WHAT YOU WILL DO
For this exercise, the lines from the one with "ALENCAR, Mauricio. A" through the end of the material below must be output exactly, without pictures.

DATA
----
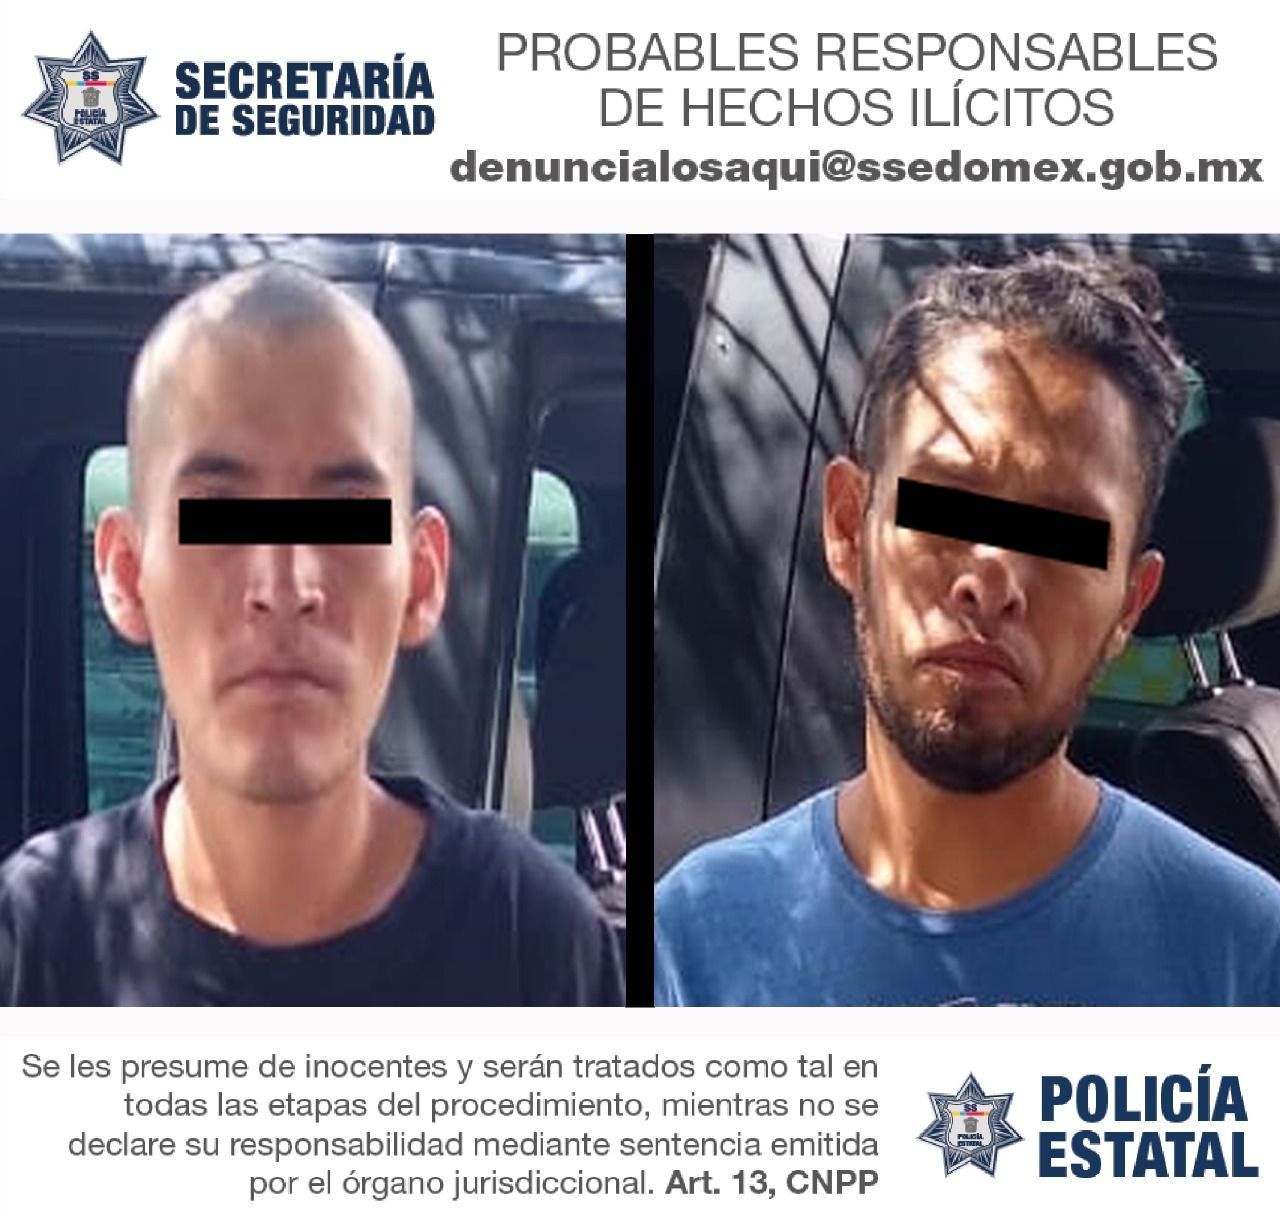 Policía de la SS detiene a dos presuntos malandrines por portación de arma de fuego sin permiso en Chimalhuacan
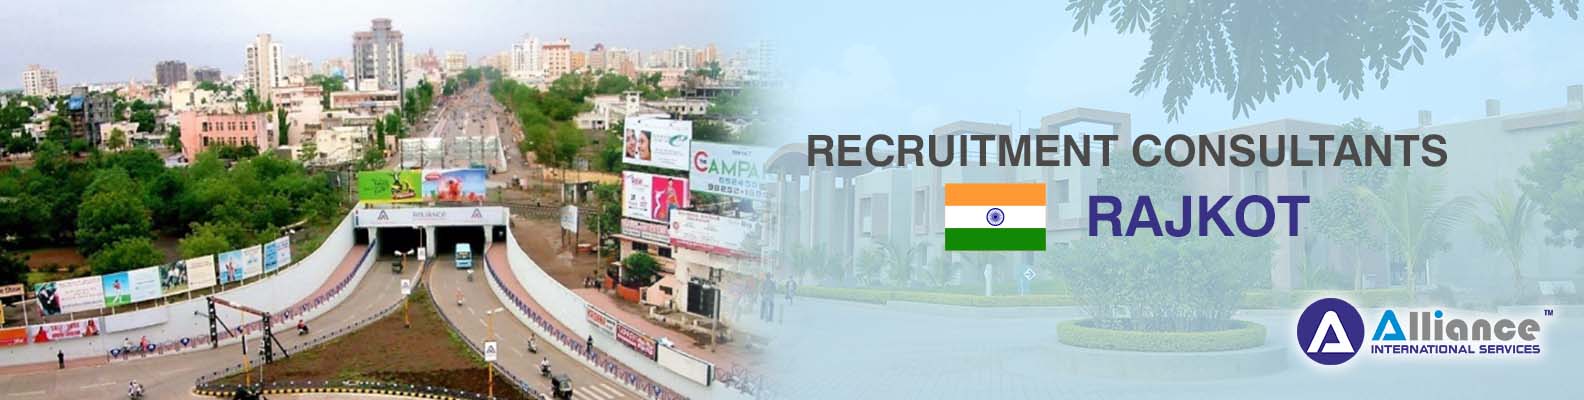 Recruitment Consultants Rajkot
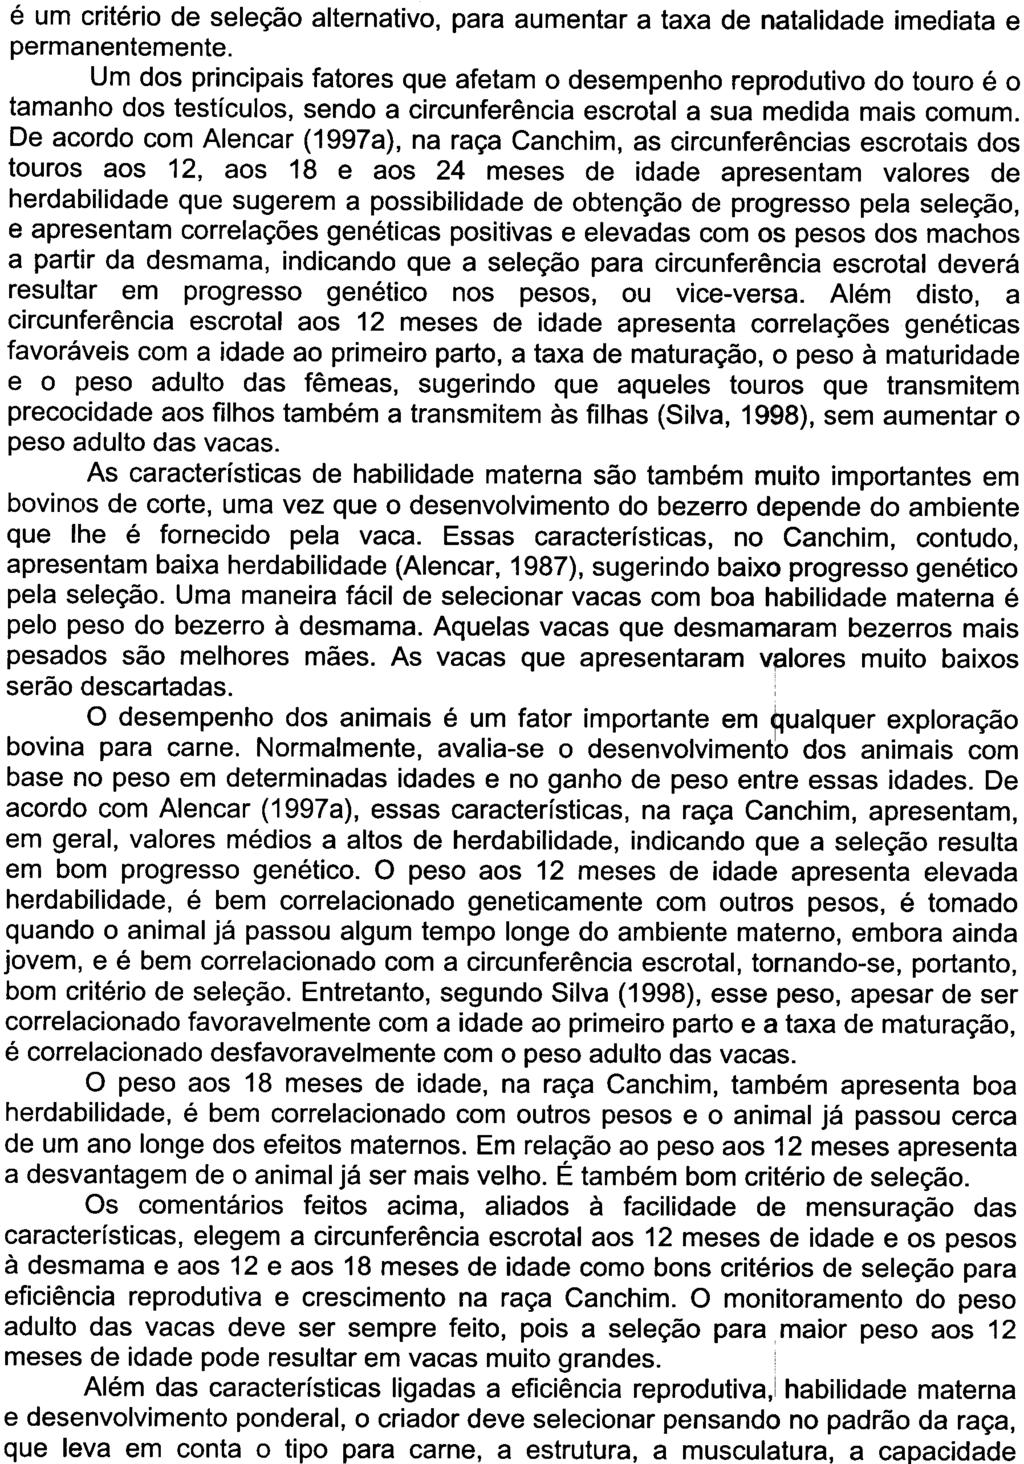 ALENCAR, Mauricio. A Raça Canchim. In SIMPÓSIO PEcuARIA 2000 -PERSPECTIVAS RARA O li! MILÊNIO, 1., Pirassununga, 2000. Anais. Pirassununga: FZEA-USP, 2000.1 CD-RQt.1.'"..~.
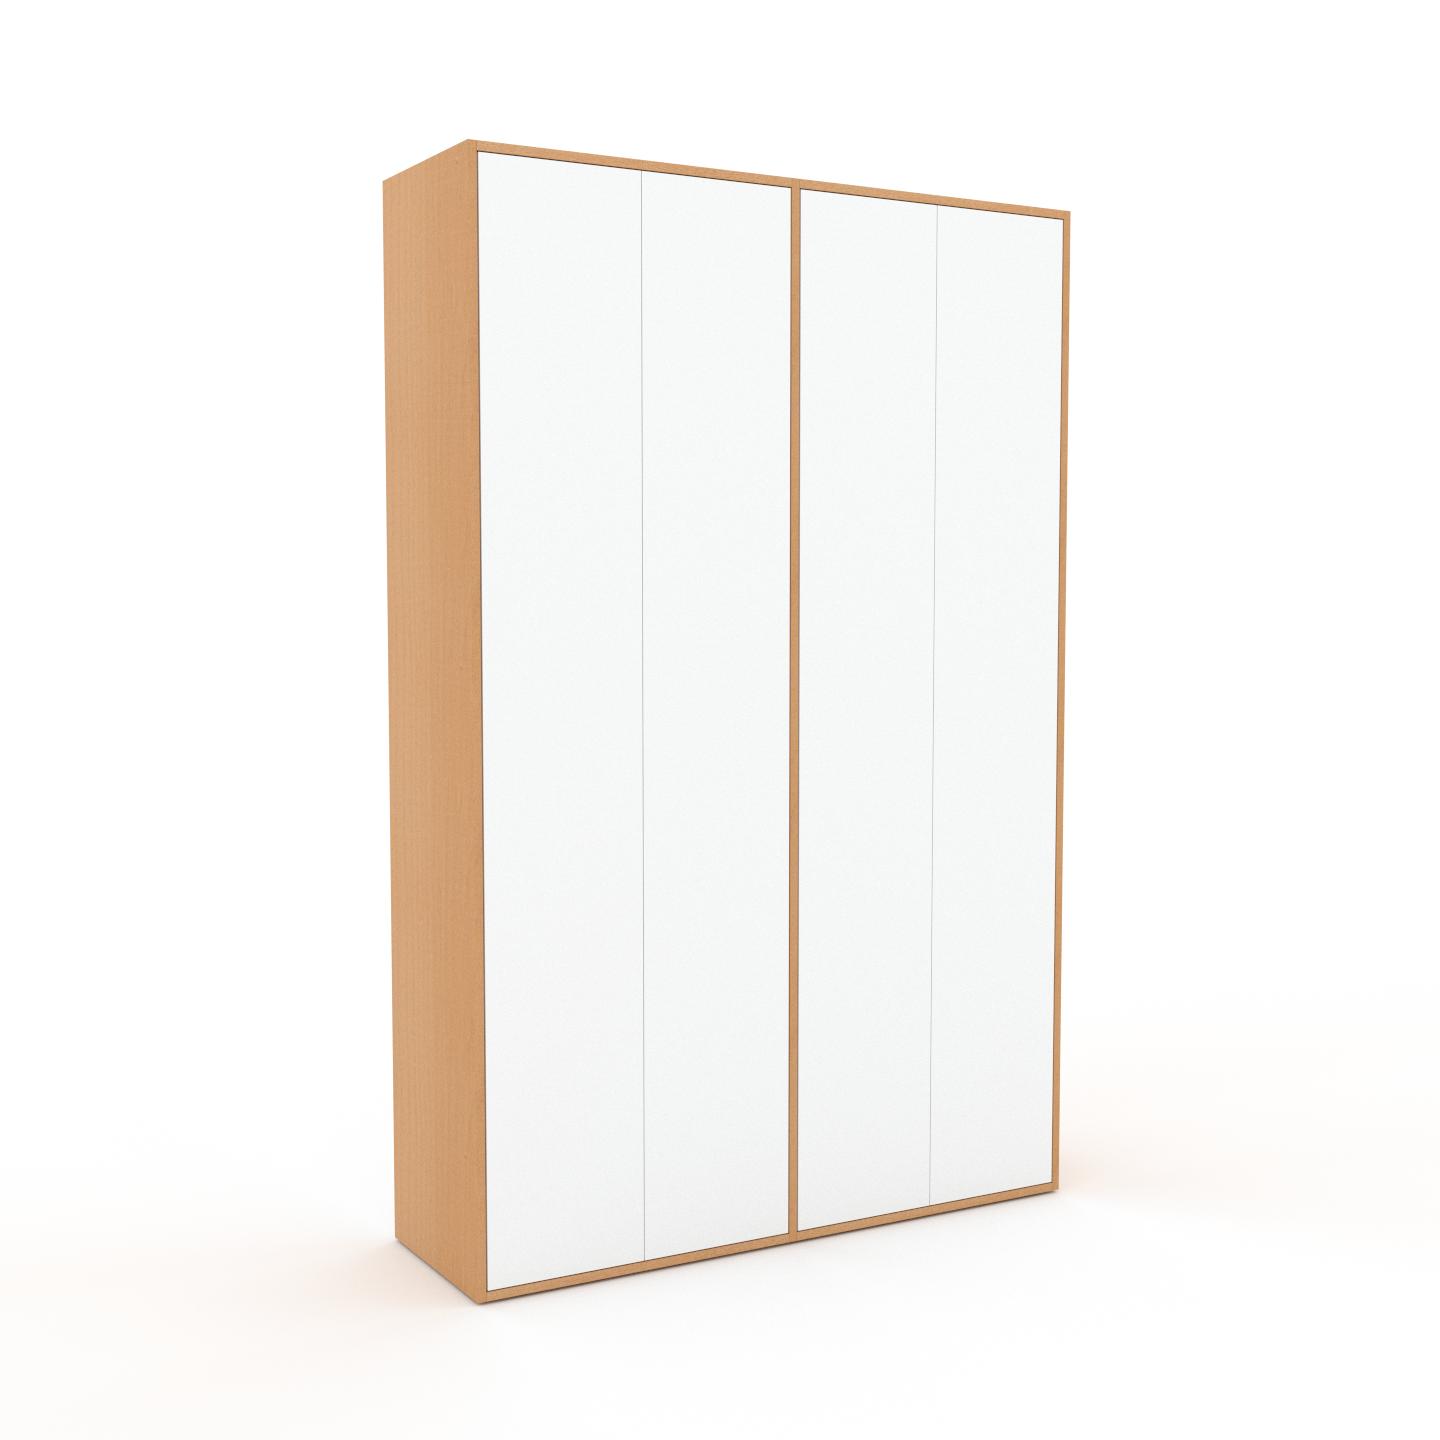 MYCS Schrank Weiß - Moderner Schrank: Türen in Weiß - Hochwertige Materialien - 152 x 233 x 47 cm, Selbst zusammenstellen
----
EXERCISE OUTPUT
 ALENCAR, Mauricio. A Raça Canchim. In SIMPÓSIO PEcuARIA 2000 -PERSPECTIVAS RARA O li! MILÊNIO, 1., Pirassununga, 2000. Anais. Pirassununga: FZEA-USP, 2000.1 CD-RQt.1.'"..~.
 MYCS Schrank Weiß - Moderner Schrank: Türen in Weiß - Hochwertige Materialien - 152 x 233 x 47 cm, Selbst zusammenstellen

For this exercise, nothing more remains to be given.